③ 東京駅周辺の医療機関(徒歩圏内~近隣)
東京駅周辺には、内科やクリニックなどの医療機関が多数あります。
下記に主な3施設をまとめました。
▷ 東京ビジネスクリニック 八重洲北口(総合内科・小児科・皮膚科など)
- 住所:東京都中央区八重洲2-1 八重洲地下街 北1号
⇒Googleマップで見る - 電話番号:03-6268-0079
- 診療時間:平日 9:00~21:00
- 対応診療科:総合内科、小児科、皮膚科、アレルギー科など
- 特徴:夜間・休日診療あり、訪日旅行者にも対応可能
▷ Tokyo Station International Clinic(総合内科・小児科・皮膚科・外科)
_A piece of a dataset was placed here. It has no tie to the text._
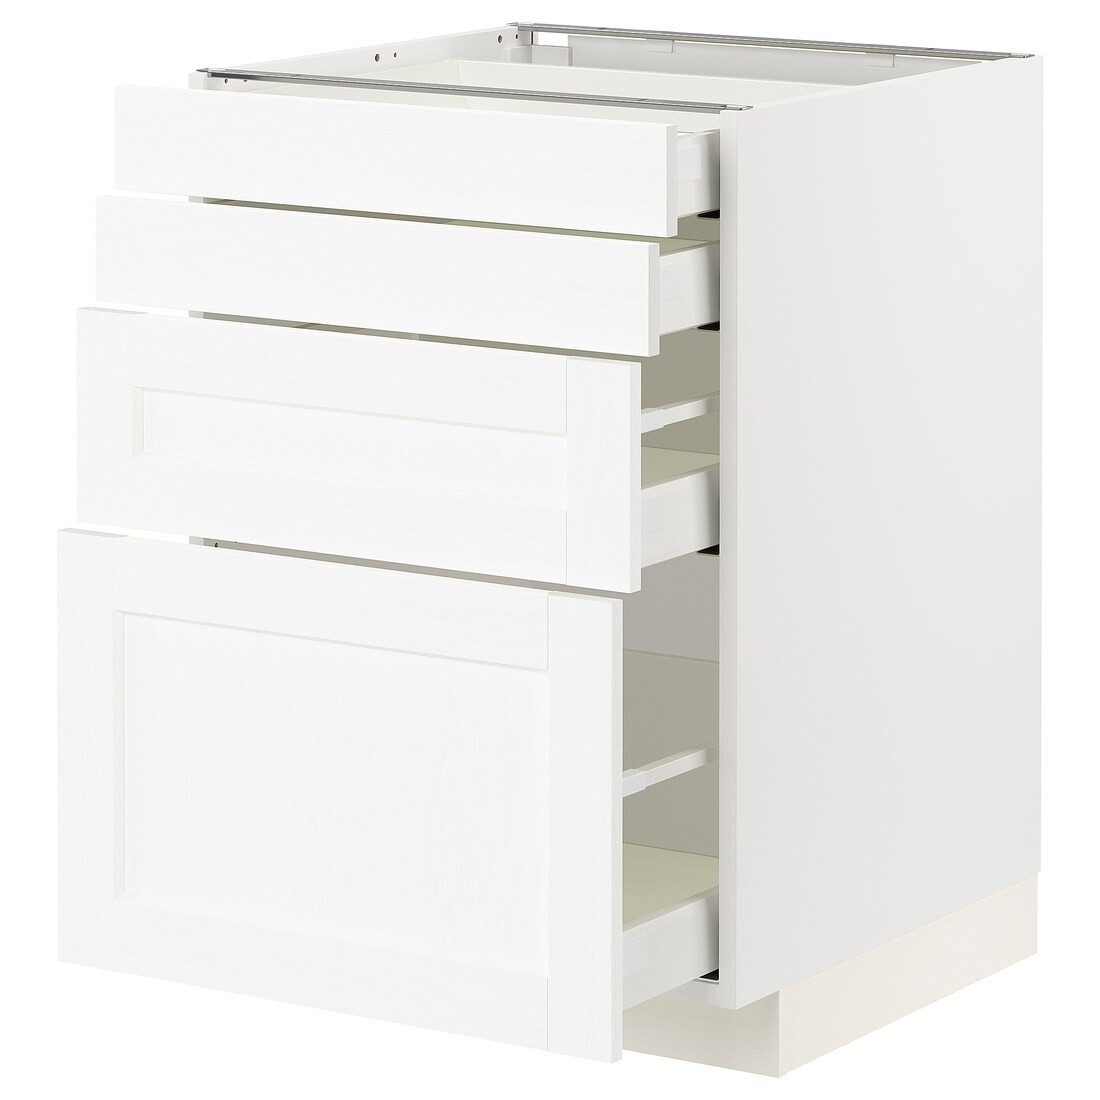 IKEA METOD МЕТОД / MAXIMERA МАКСИМЕРА Напольный шкаф 4 ящика, белый Enköping / белый имитация дерева, 60x60 см 89473430 894.734.30

- 住所:東京都千代田区丸の内1-9-1 グランルーフ1F
⇒Googleマップで見る - 電話番号:03-6206-3070
- 診療時間:年中無休 9:00~21:00(最終受付 20:30)
- 対応診療科:内科、外科、小児科、皮膚科
- 特徴:東京駅八重洲南口から徒歩1分。英語・中国語対応可能で、訪日旅行者にも配慮した利便性の高いクリニックです。
▷ 三井記念病院(総合病院)
※2駅分とやや距離があるので注意
- 住所:東京都千代田区神田和泉町1
⇒Googleマップで見る - 電話番号:03-3862-9111
- 診療時間:平日 8:30~11:00(初診受付)
- 休診日:土日祝
- 対応診療科:内科・外科・整形外科・眼科・産婦人科など多科目
- 特徴:総合的な検査・治療が可能な大規模医療機関(紹介状推奨)
まとめ:東京駅旅行者援護センターは形を変えて実在する
かつて閉鎖されたとされる「東京駅旅行者援護センター」は、現在も構内に名称を残した形で存続しており、体調が優れない旅行者が一時的に休憩できる場所として利用可能であることが確認されました。
ただし、医療行為は提供されていないため、深刻な体調不良や治療が必要な場合は、速やかに駅員に申し出て周辺の医療機関を利用することが推奨されます。
旅行や出張で東京駅を利用する際には、このような施設やサービスをあらかじめ知っておくことで、もしものときに落ち着いて対応できるでしょう。